Grey Tuesday
Thinkcage has turned grey today, in support of Grey Tuesday.
Grey Tuesday is an online protest by people who support Danger Mouse’s The Grey Album and are concerned about the state of art and copyright law in the United States.
The album is an independent remix of Jay-Z’s The Black Album and The Beatles’ The White Album. EMI, the company who claims copyrights to The Beatles’ works has sent numerous cease and desist notices to stores and websites distributing this work. Despite the critical acclaim of this important work, EMI has only shown interest in the protection of profits, further demonstrating the stifling of art in the name of financial gain. In this case we see a viably marketable work that is denied sale due to the hoarding of copyrights by the big five record companies.
Opponents of current copyright law in the U.S., arguably the most stringent in the world, have shown time and again the foundation on derivative work that many of the current copyright proponents are built upon.
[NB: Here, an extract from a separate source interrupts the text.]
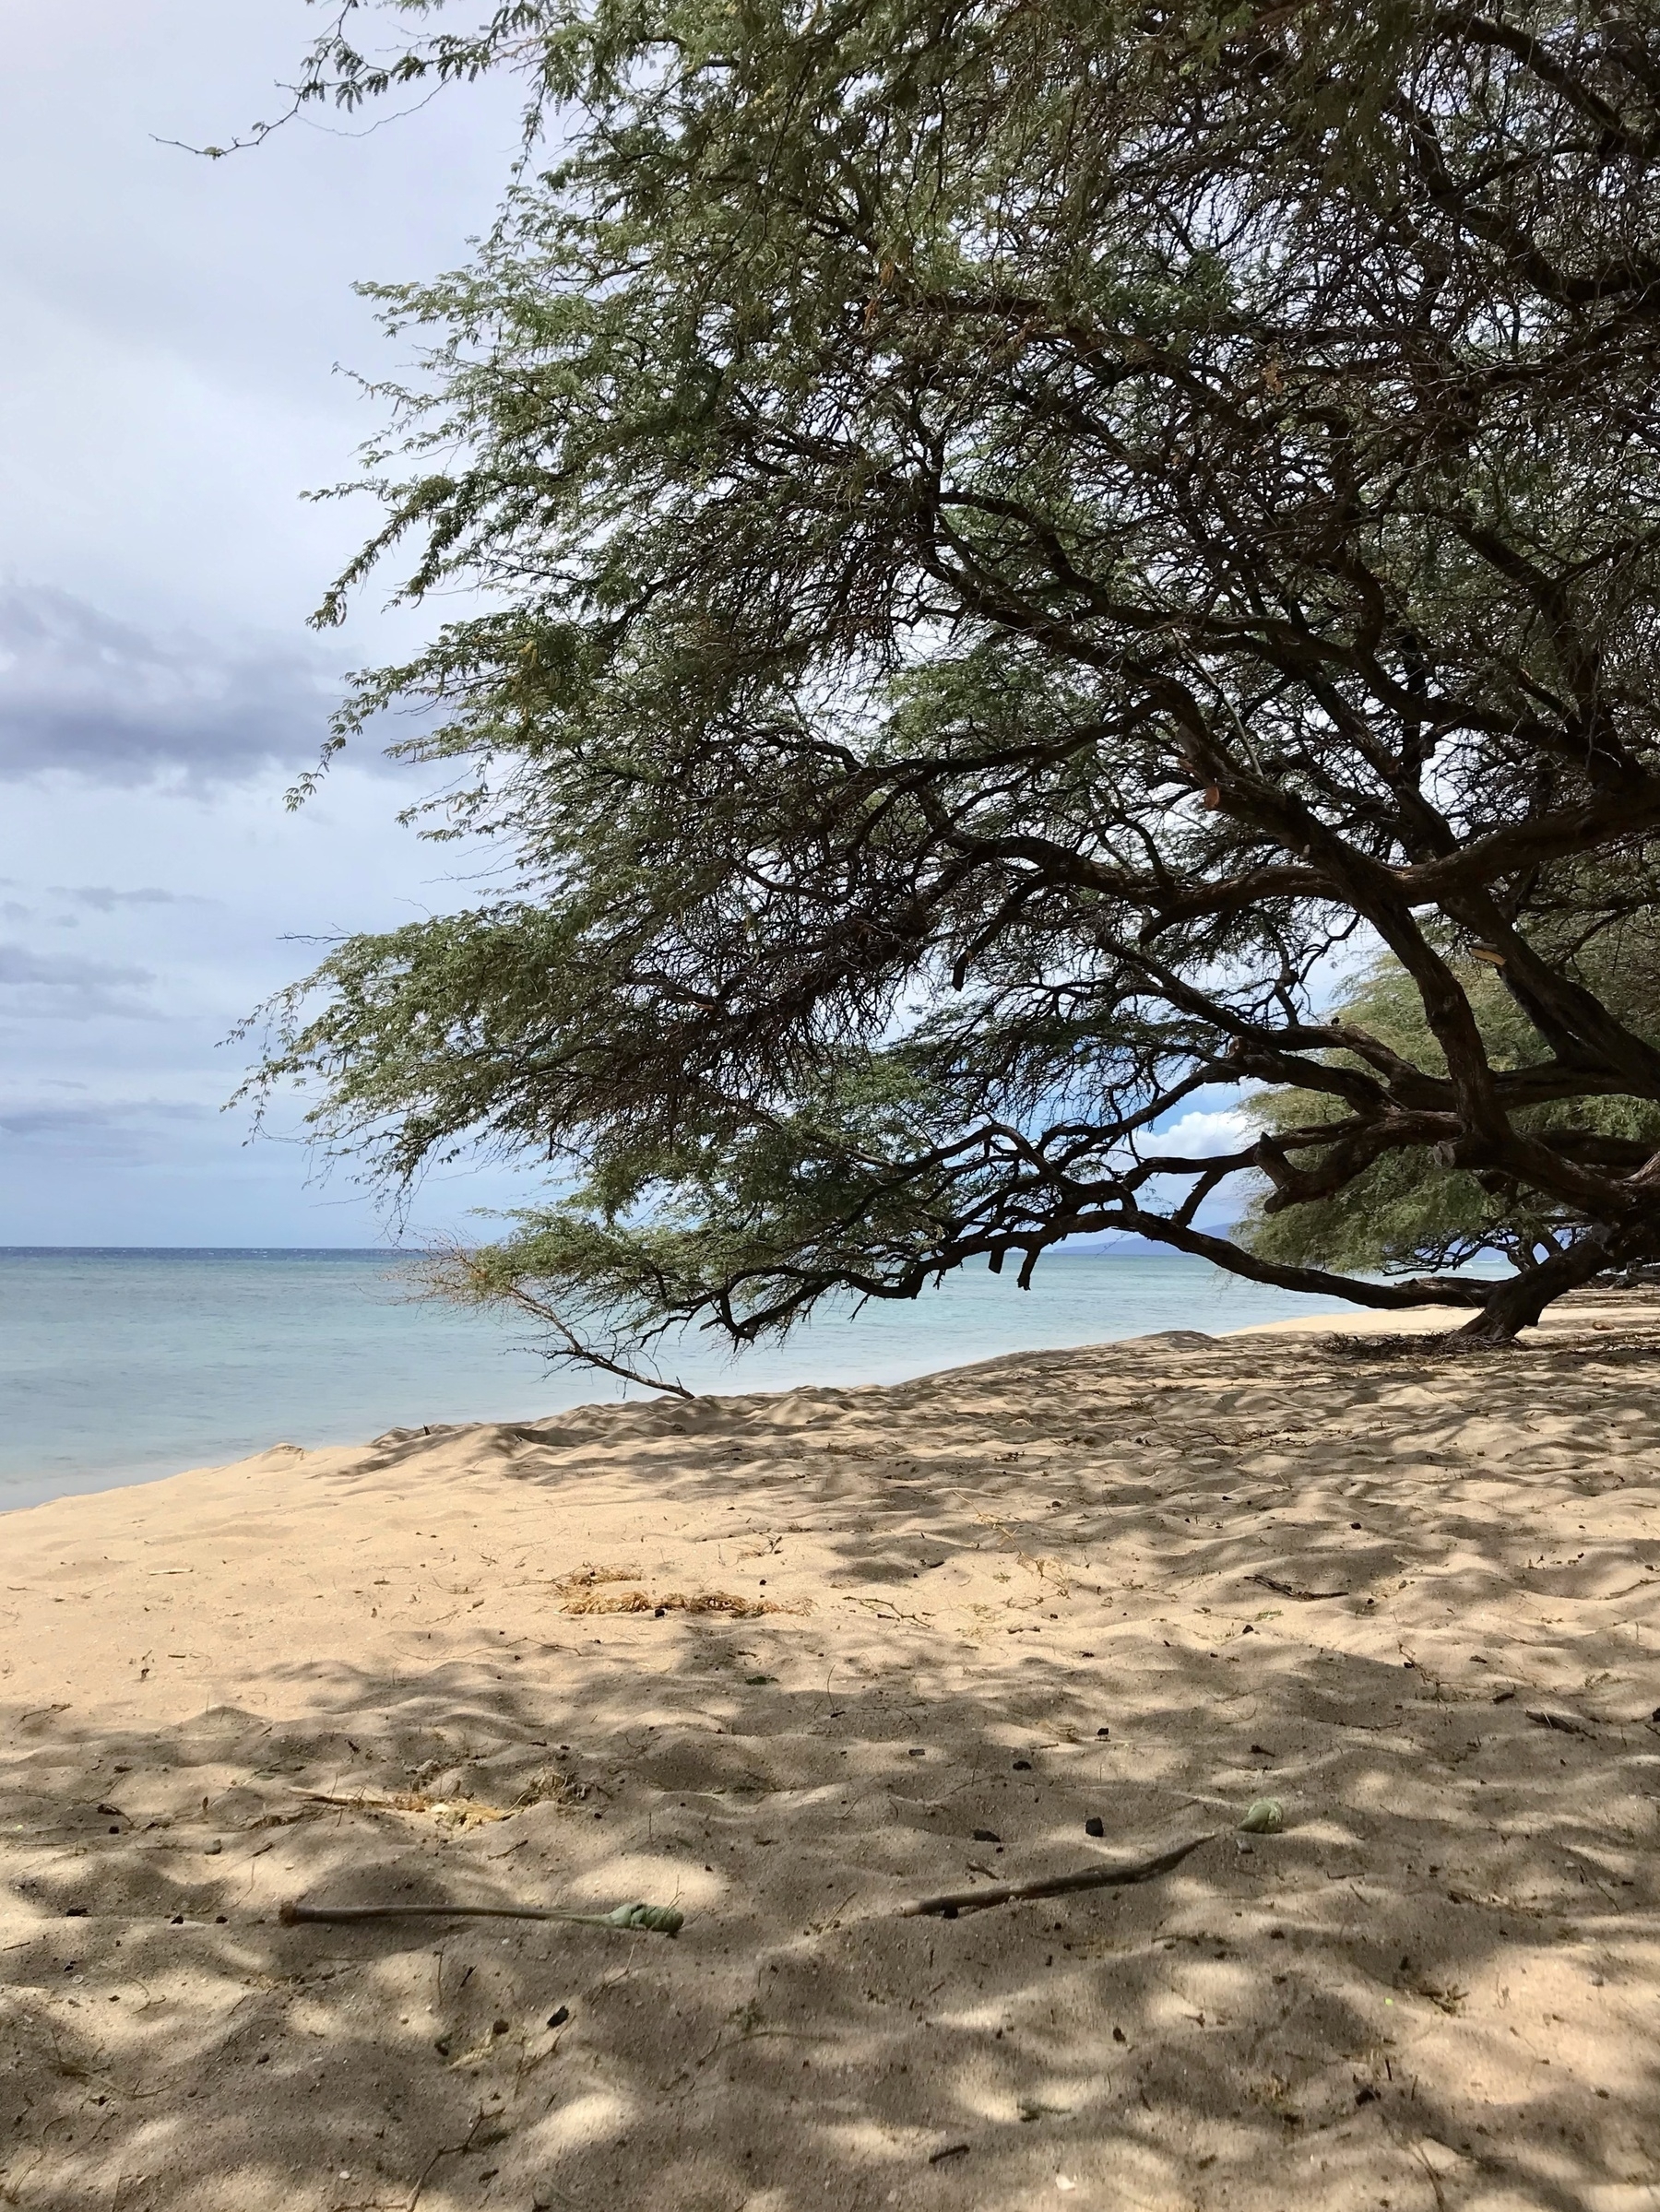 Kiawe tree on a beach in Maui

Disney has long been one of the biggest lobbyists of increasing the reach of copyright law as noted by Lawrence Lessig in one of his numerous keynotes:
Here’s my favorite example, here: 1928, my hero, Walt Disney, created this extraordinary work, the birth of Mickey Mouse in the form of Steamboat Willie. But what you probably don’t recognize about Steamboat Willie and his emergence into Mickey Mouse is that in 1928, Walt Disney, to use the language of the Disney Corporation today, “stole” Willie from Buster Keaton’s “Steamboat Bill.”
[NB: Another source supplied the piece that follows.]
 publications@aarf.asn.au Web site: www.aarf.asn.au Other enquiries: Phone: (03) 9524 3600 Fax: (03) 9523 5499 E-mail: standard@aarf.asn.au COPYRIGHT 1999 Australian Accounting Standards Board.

It was a parody, a take-off; it was built upon Steamboat Bill. Steamboat Bill was produced in 1928, no [waiting] 14 years—just take it, rip, mix, and burn, as he did [laughter] to produce the Disney empire. This was his character. Walt always parroted feature-length mainstream films to produce the Disney empire, and we see the product of this. This is the Disney Corporation: taking works in the public domain, and not even in the public domain, and turning them into vastly greater, new creativity. They took the works of this guy, these guys, the Brothers Grimm, who you think are probably great authors on their own. They produce these horrible stories, these fairy tales, which anybody should keep their children far from because they’re utterly bloody and moralistic stories, and are not the sort of thing that children should see, but they were retold for us by the Disney Corporation. Now the Disney Corporation could do this because that culture lived in a commons, an intellectual commons, a cultural commons, where people could freely take and build. It was a lawyer-free zone.
Disney built a media empire in the very type of culture that they, just like the big five, are now trying to destroy. Without the ability to make derivative work, Disney likely would not exist today. It is frightening to think of the art that will not exist tomorrow because it cannot be created to day.
Oh, and give The Grey Album a listen.